Prevention of genotoxicity by polyphenol acetates mediated by a novel membrane-bound transacetylase

G. Gupta1, E. Kohli1, V. Rohil1, R. Kumari1, H. G. Raj1, V. S. Parmar2, Y. K. Tyagi1, G. Pal1, A. Kumar1, S. C. Jain2 and C. E. Olsen3

1 V. P. Chest Institute and 2 Deptartment of Chemistry, Univ. of Delhi, Delhi, India;3 Chemistry Department Royal Vetrinary & Agricultural University Copenhagen, Denmark

AIM: A large number of polyphenolic compounds have exhibited potency to inhibit mutagenicity and carcinogenicity in animal model and cell cultures. Our earlier work revealed the remarkable ability of acetoxy-4- methyl coumarins in the prevention of aflatoxin B1(AFB1) induced genotoxicity in bone marrow and lung cells. We have in this presentation extended the observations to the action of other polyphenol acetates such as the acetoxy derivatives of quercetin, ellagic acid and xanthone. METHODS: The transacetylase enzyme inhibition was assayed with respect to the test compounds that were to be analyzed.

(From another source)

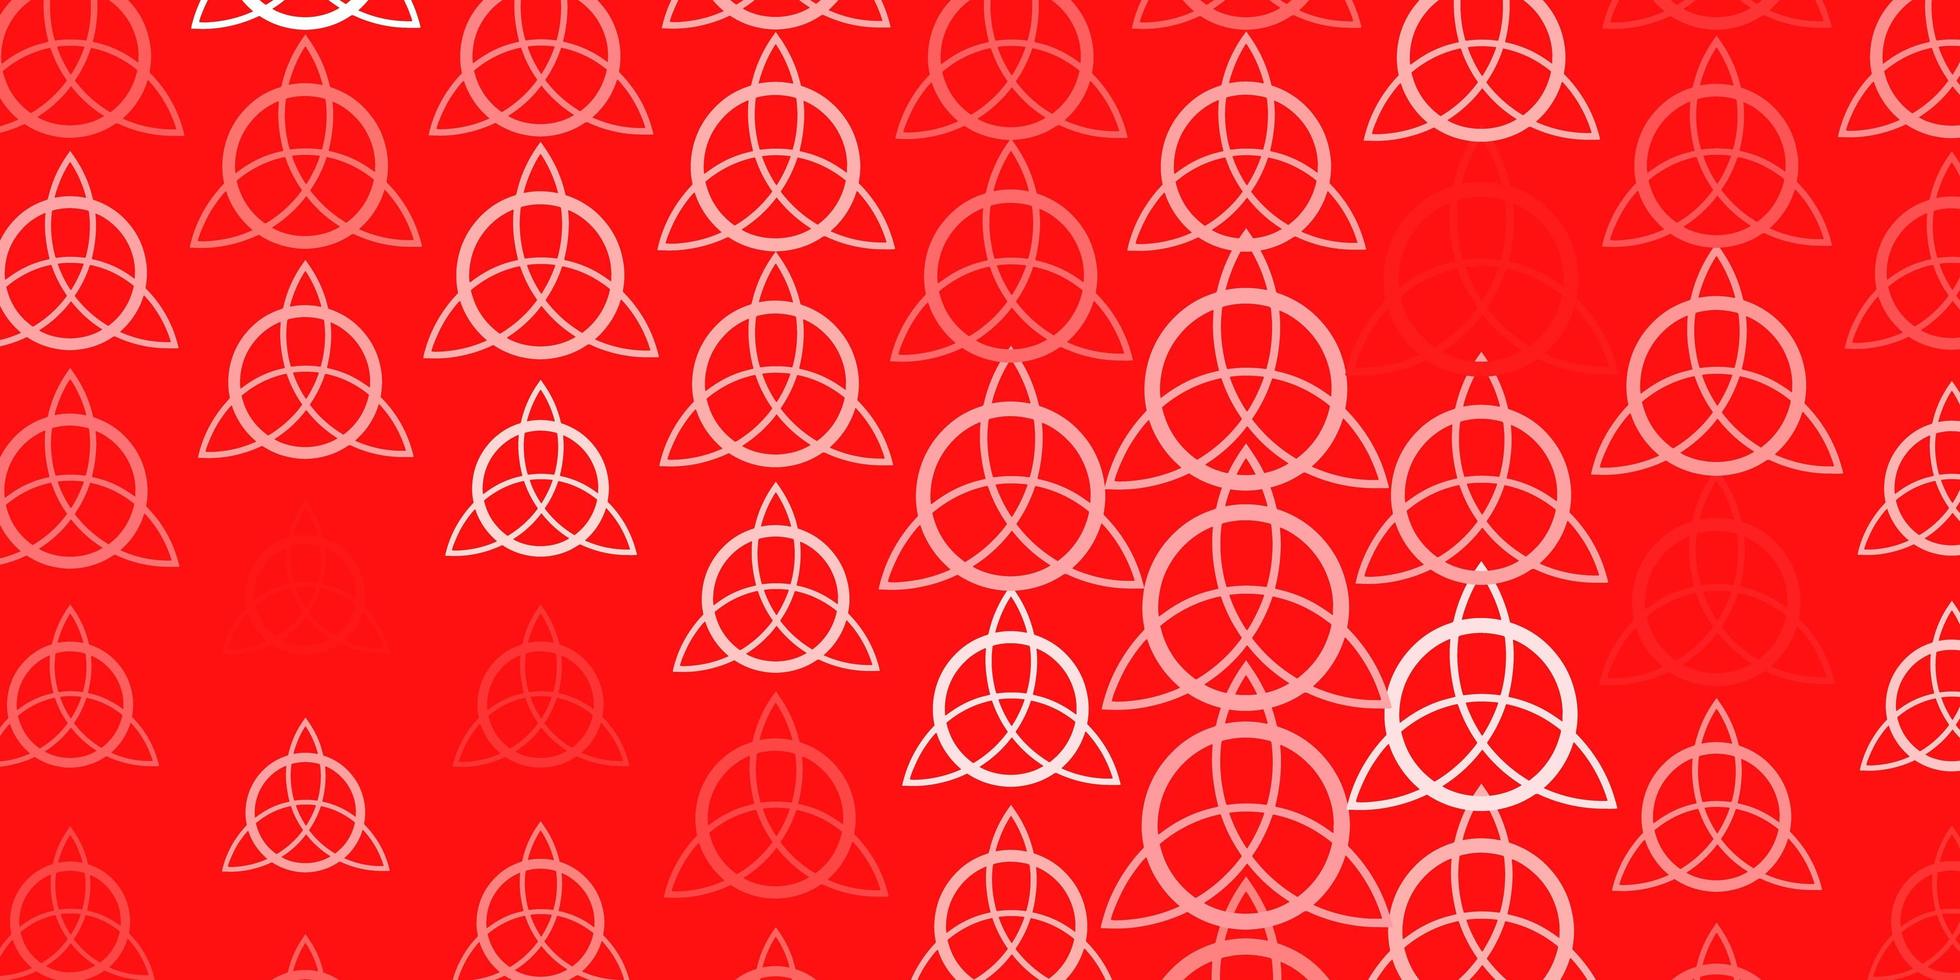 Light Red vector background with occult symbols.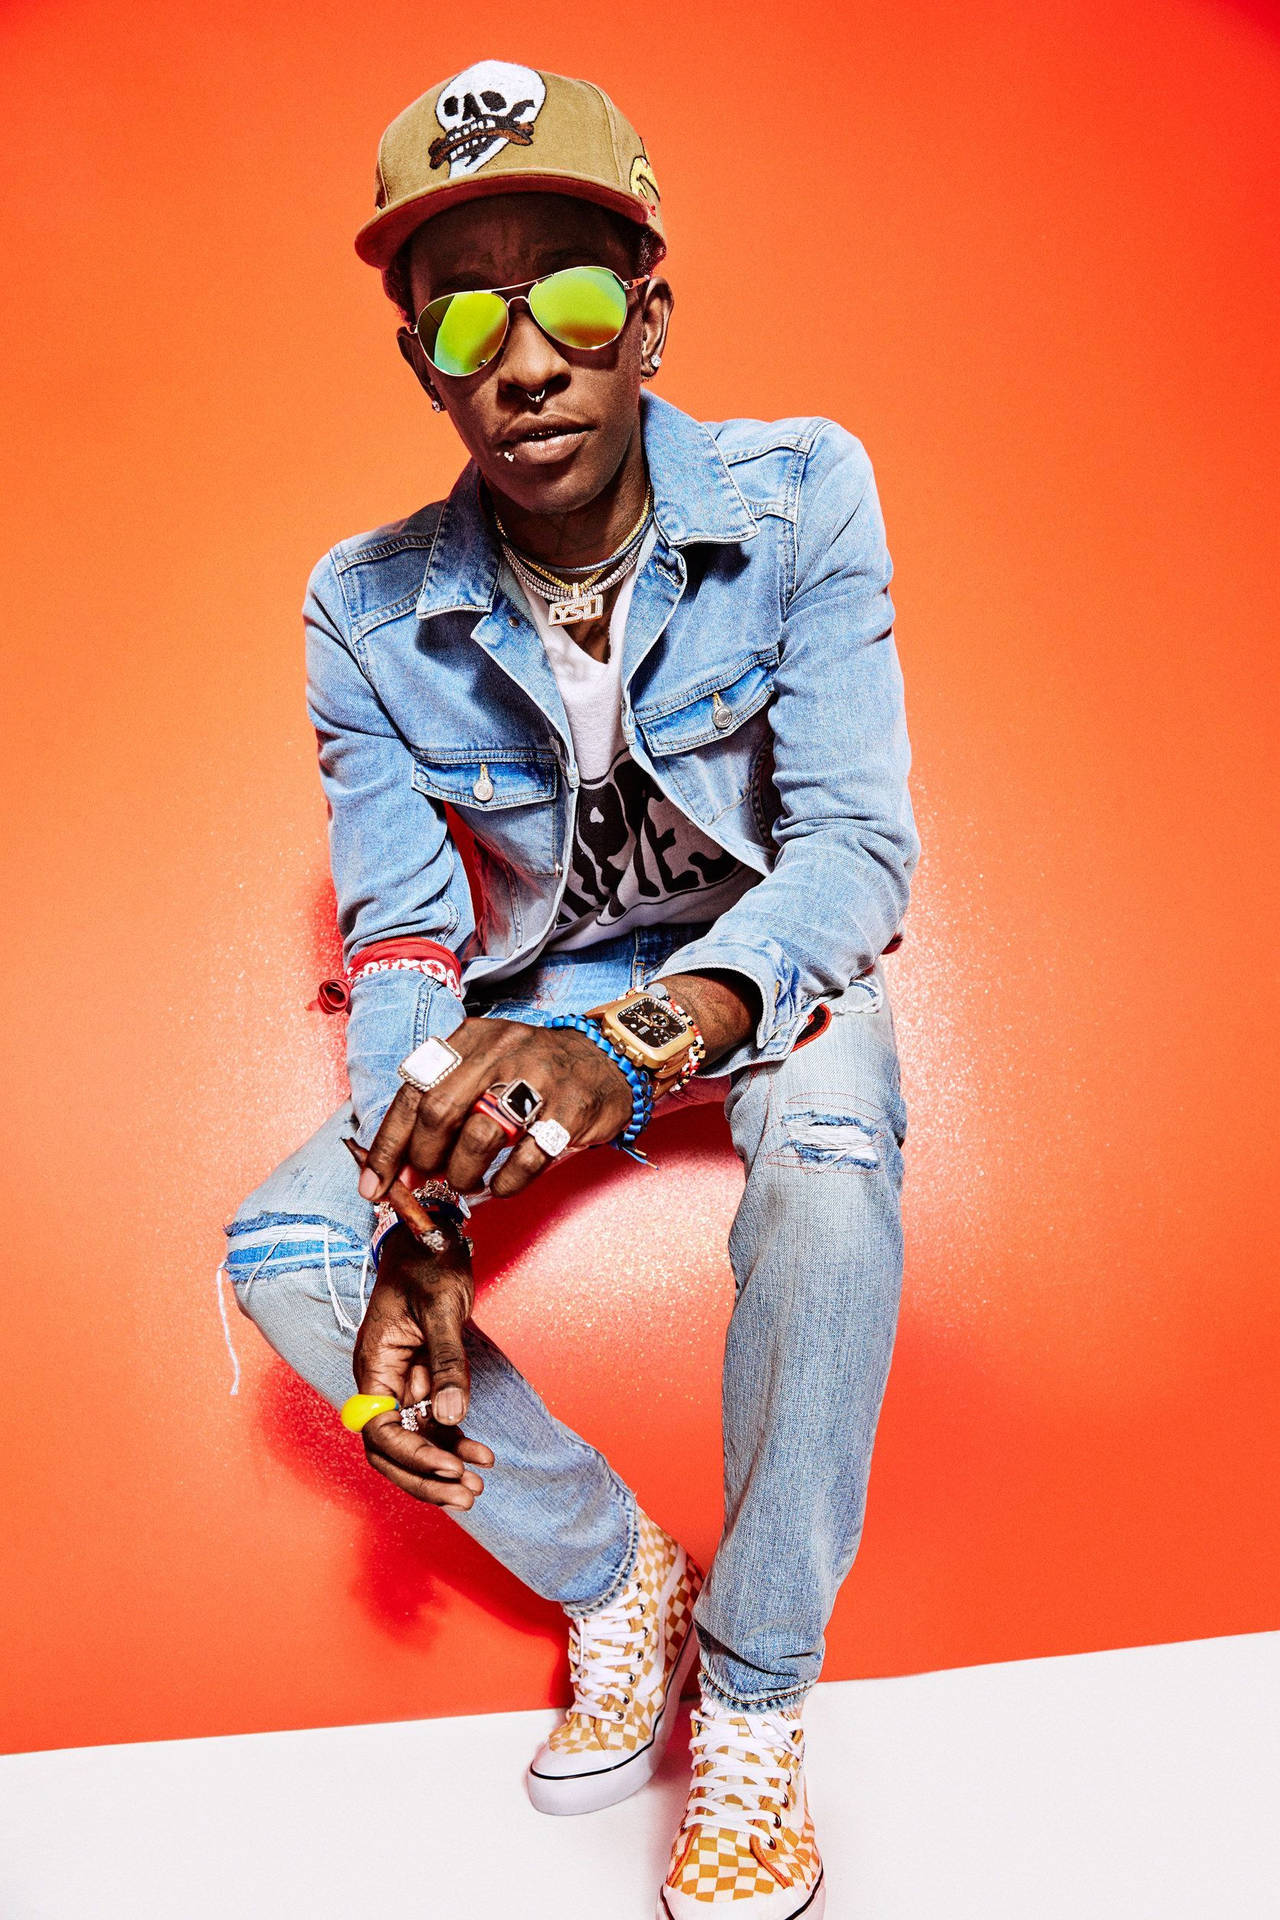 Young Thug rocks an outrageous outfit in his GQ Magazine photoshoot Wallpaper

RESULTS: The polyphenol acetates unlike the parent polyphenol caused time dependent inhibition of liver microsome catalyzed AFB1-binding to DNA. Accordingly the administration of polyphenols resulted in significant reduction in the incidence of AFB1-induced micronuclei and apoptosis in lung and bone marrow cells of rats. CONCLUSIONS: These results indicate that acetates of polyphenolics are superior to their deacetylated products and confirm our hypothesis that the microsome membrane bound acetoxy drug: protein transacetylase (identified for the first time in our laboratory) 1 act upon acetoxy polyphenols resulting in the possible acetylation of CYP-linked MFO, eventually leading to the prevention of genotoxicity due to AFB1.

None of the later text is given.